Boost logo

Boost :

From: Robert Zeh (razeh_at_[hidden])
Date: 2003-12-03 11:43:35


I have completed implementations of char_separator and
offset_separator that are many times faster then the current
implementations. They are faster because they use the Token's assign
method rather then operator +=.

When supplied with input_iterators the faster implementations fall
back to operator +=, and there is no speed gain.
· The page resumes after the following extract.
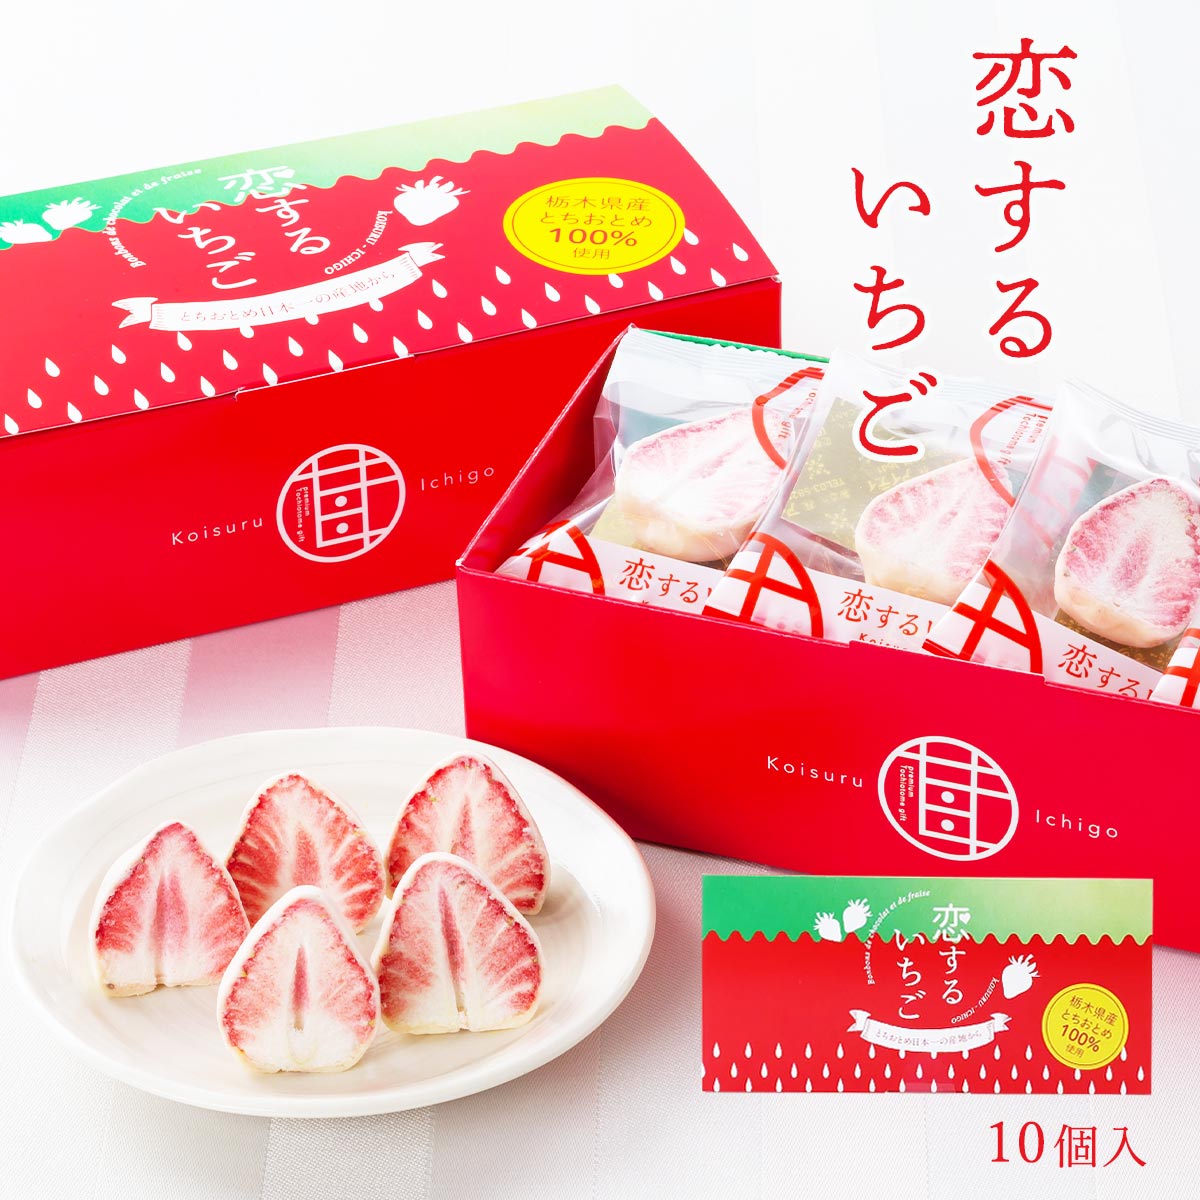 [静風] いちご菓子 恋するいちご 10個 赤箱入り いちご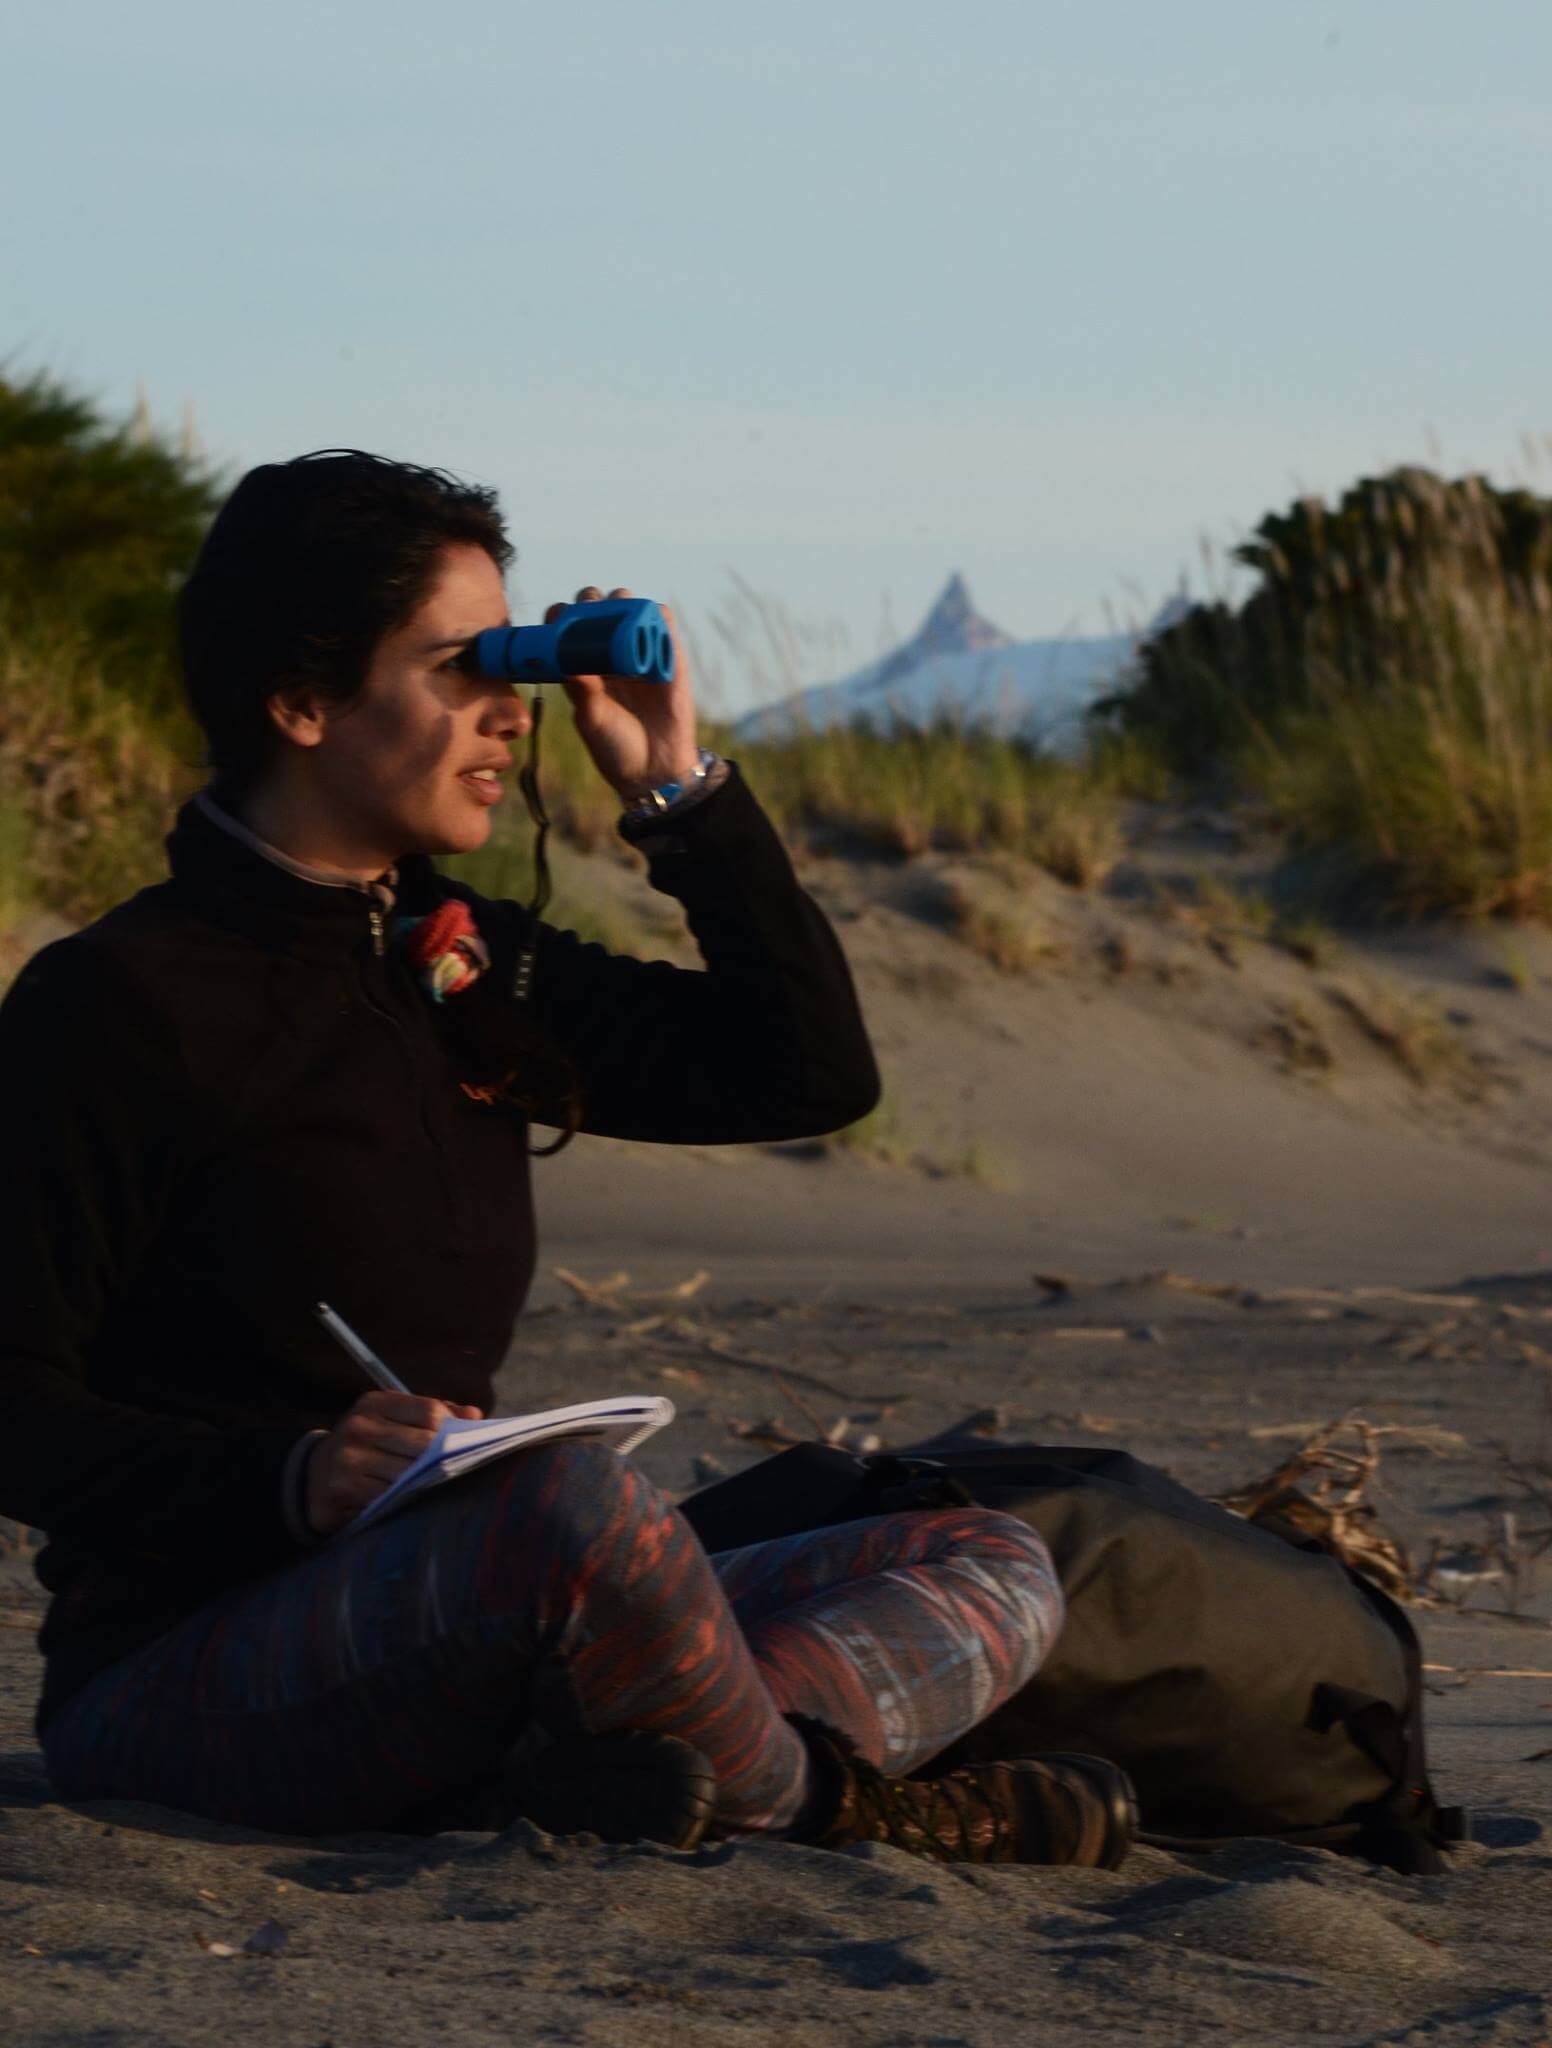 Jacqueline aplicando la metodología de avistamiento desde tierra © Aysén Mira al Mar

I've tested them with blocks of "x"'s separated by "|"'s. For
example, the last test tokenizes the string "xxxxxxxxxx|" with a
char_separator that splits on "|".

Under Red Hat 9, gcc 3.3 and "-O3" I see the following for
char_separator:

blocks block size speedup
10 100 6.2
10 1000 3.8
1 1000 3.4
1 10 2

For offset separator the speedup is more dramatic:

blocks block size speedup
10 100 22
2 1000 24

The offset_separator doesn't have to do a lot of work, so the penalty
for building up tokens a character at a time should be much higher.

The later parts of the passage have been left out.